Son énorme précocité ! C’est la première caractéristique de cette moisson 2026 en orge que relate François Pignolet, directeur de la collecte chez Soufflet Agriculture, négoce présent sur une grande moitié nord de la France. « C’est un record. Les premières bennes sont rentrées le 29 mai et la récolte est quasiment terminée au 1er juillet pour les orges d’hiver et les orges de printemps semées à l’automne. »
Les récoltes d’orges ont débuté très précocement sous l’effet de la vague de chaleur du mois de mai qui a accéléré le développement des cultures. Elles arrivent à maturité très sèches. Chez Noriap qui collecte de la Normandie au Nord-Pas-de-Calais, Matthieu Beyaert indique au 6 juillet que « 80 % des orges d’hiver sont récoltées », tandis que Flora Rousselle du service commerce des grains de Vivescia (Grand-Est) parlait le 2 juillet de récoltes terminées, et Axéréal communiquait au 26 juin sur des moissons d’orges d’hiver « quasiment achevées » pour le Centre-Val de Loire et départements limitrophes.
Des rendements de 5 à 15 % en dessous des moyennes
Agreste avait annoncé à la mi-juin une production nationale d’orge d’hiver à 9 millions de tonnes, soit une augmentation de 8 % sur un an. Cette hausse est essentiellement le fait de celle des surfaces (+ 13 %), car le rendement estimé par le ministère est en recul, à 67,2 q/ha contre 70 q/ha en 2025. Comme redouté, le coup de chaud a eu un impact sur le remplissage des grains dans beaucoup de régions.
Dans le Nord-Est, Flora Rousselle parle de rendements « très hétérogènes entre 55 et 90 q/ha, en deçà des attendus », en retrait d’environ 5 % aux moyennes olympiques régionales. Dans le détail, Vivescia annonce des rendements entre 70 et 75 q/ha dans les Ardennes et en Seine-et-Marne, entre 80 et 85 q/ha dans la Marne et l’Aube, mais entre 60 et 65 q/ha dans les terres plus légères de ces régions. La Coopérative Bourgogne du Sud communique, elle, sur des rendements « plutôt décevants », en deçà de la moyenne 5 ans de 4 à 5 q/ha. Côté Nord-Ouest, Matthieu Beyaert (Noriap), fait état de résultats inférieurs d’environ 5 % à la moyenne quinquennale pour les orges essentiellement fourragères sur la coopérative.
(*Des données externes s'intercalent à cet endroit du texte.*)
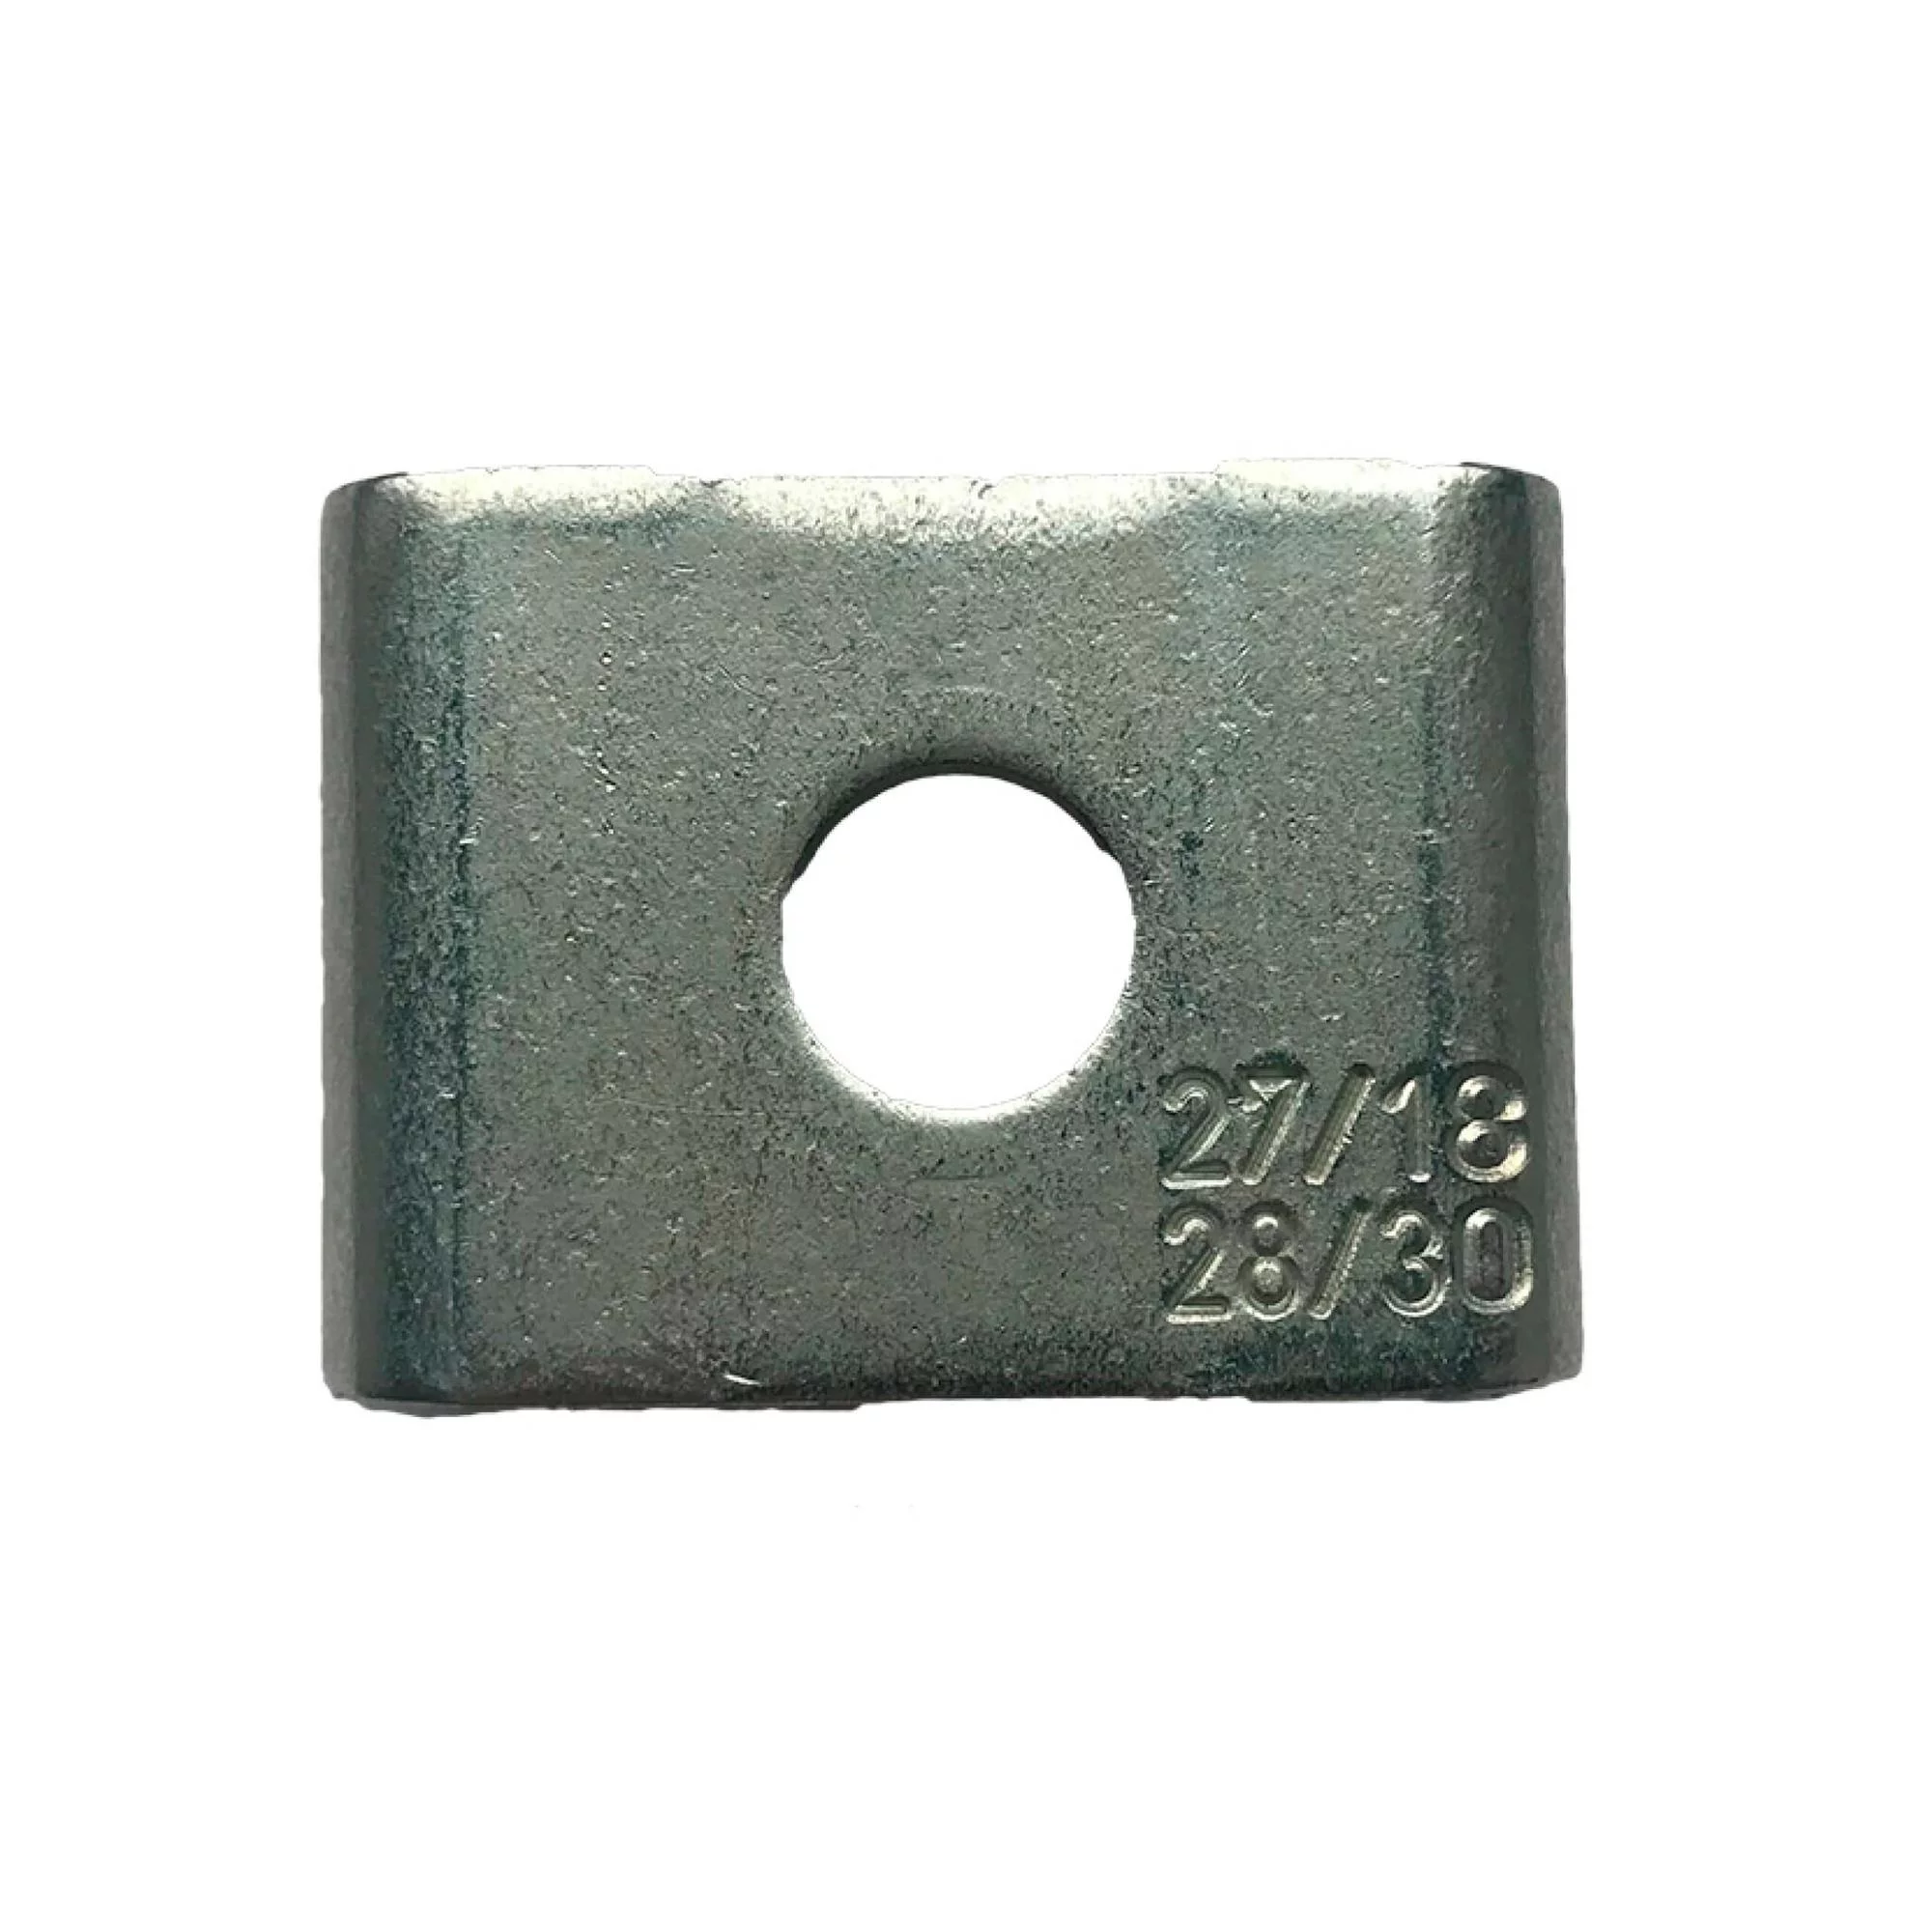 borgclip-voor-montagerail-zilver-27-18-/-28-30.-100-stuks

Si chez Soufflet Agriculture, les rendements sont finalement « moins décevants au global que ne le laissait craindre la vague de chaleur », François Pignolet évoque des rendements « presque catastrophiques » dans ses zones de collecte de Vendée et Charente, mais aussi du Cher et du Berry, des secteurs très impactés par la sécheresse. Ce constat est localement partagé par la chambre d’agriculture de la Charente qui fait état de rendements autour de 50 à 55 q/ha et 65 q/ha sur les bonnes terres. Plusieurs collecteurs du Poitou-Charentes annoncent des baisses de rendement de 10 à 15 % comparé aux moyennes, et Lill Meter, responsable de la partie exploitation chez Néolis (Deux-Sèvres), indique des rendements qui ne sont pas au rendez-vous.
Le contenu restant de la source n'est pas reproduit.